A purpose-built, headless operating system for on-device AI inference.
Raw Linux kernel. Static musl userland. No Buildroot. No desktop. No noise.

Kernel Userland Inference License


Overview

NuraOS is a minimal appliance OS designed around a single objective: run an AI agent locally, with no cloud dependency, on bare metal or a QEMU VM. The system boots directly into nura-manager, a lightweight service supervisor that starts the inference engine, the Rust agent core, and the HTTP gateway. Every component is statically linked, pinned to a verified source, and confined by its own cgroup v2 slice, seccomp-BPF filter, and Landlock ruleset.

Core properties:

Property Detail
Local-first llama.cpp runs on-CPU by default. Remote providers are opt-in.
Minimal Every binary is justified by the boot-to-agent path.
Reproducible All sources are version-pinned. Builds are fully deterministic.
Auditable Every interaction is written to an append-only, hash-chained journal.
Secure No shell exposed by default.

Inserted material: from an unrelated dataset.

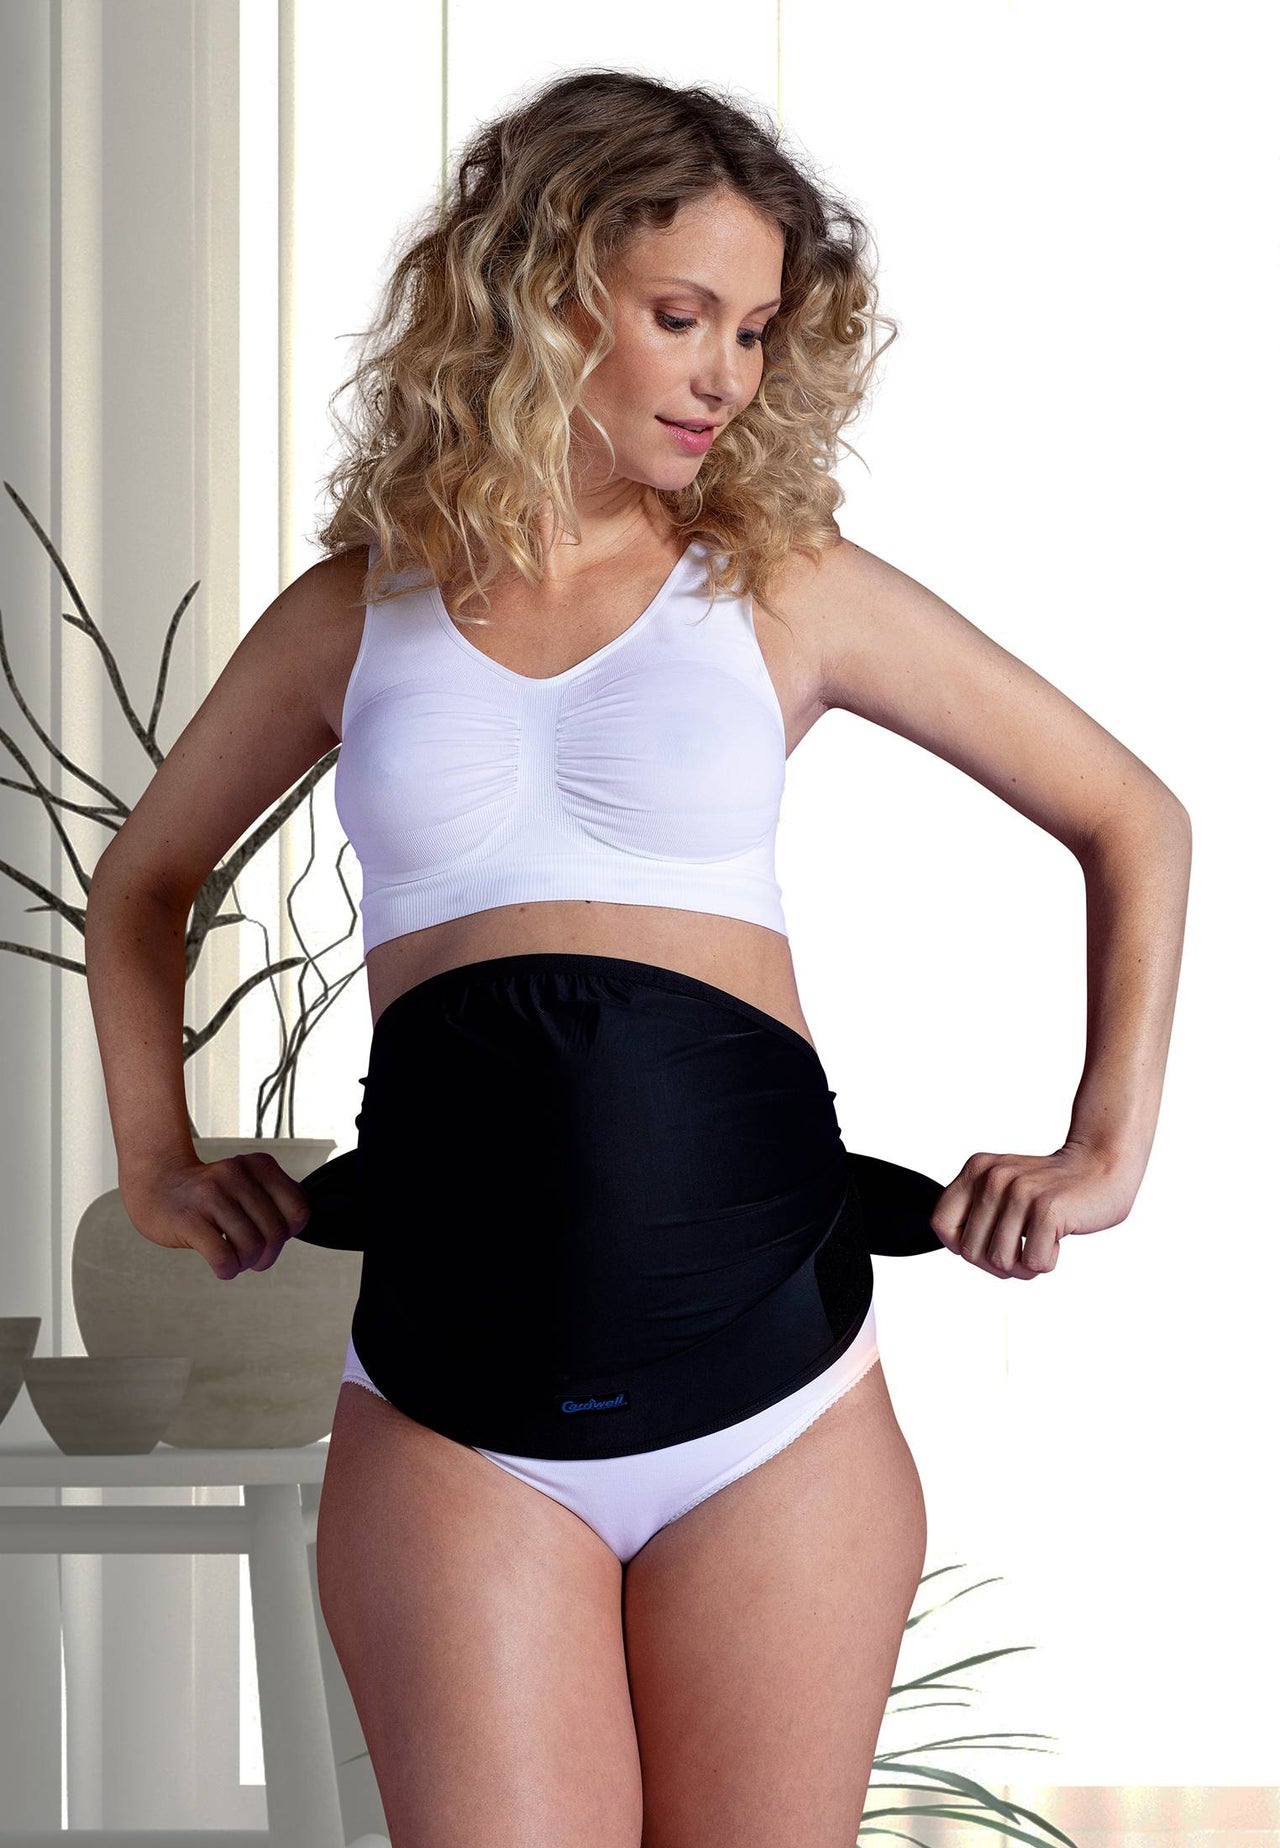 Adjustable Overbelly Support Belt Small to Medium - Black

Seccomp + Landlock on all long-running services.

Why Not Just a Minimal Linux Image?

A minimal embedded Linux for a single application is a solved problem. Yocto, Buildroot, and LXC all do that well. NuraOS is solving a different problem.

When the application is a language model with tool-calling capabilities, the OS has to answer questions those tools were never designed for:

What can the model touch?
NuraOS enforces filesystem boundaries at the kernel level using Landlock and mount namespaces, not application code that can be bypassed or misconfigured.

What syscalls can the inference process make?
A per-service seccomp-BPF profile limits the kernel surface the model runtime can reach, shaped specifically around what an inference process needs and nothing else.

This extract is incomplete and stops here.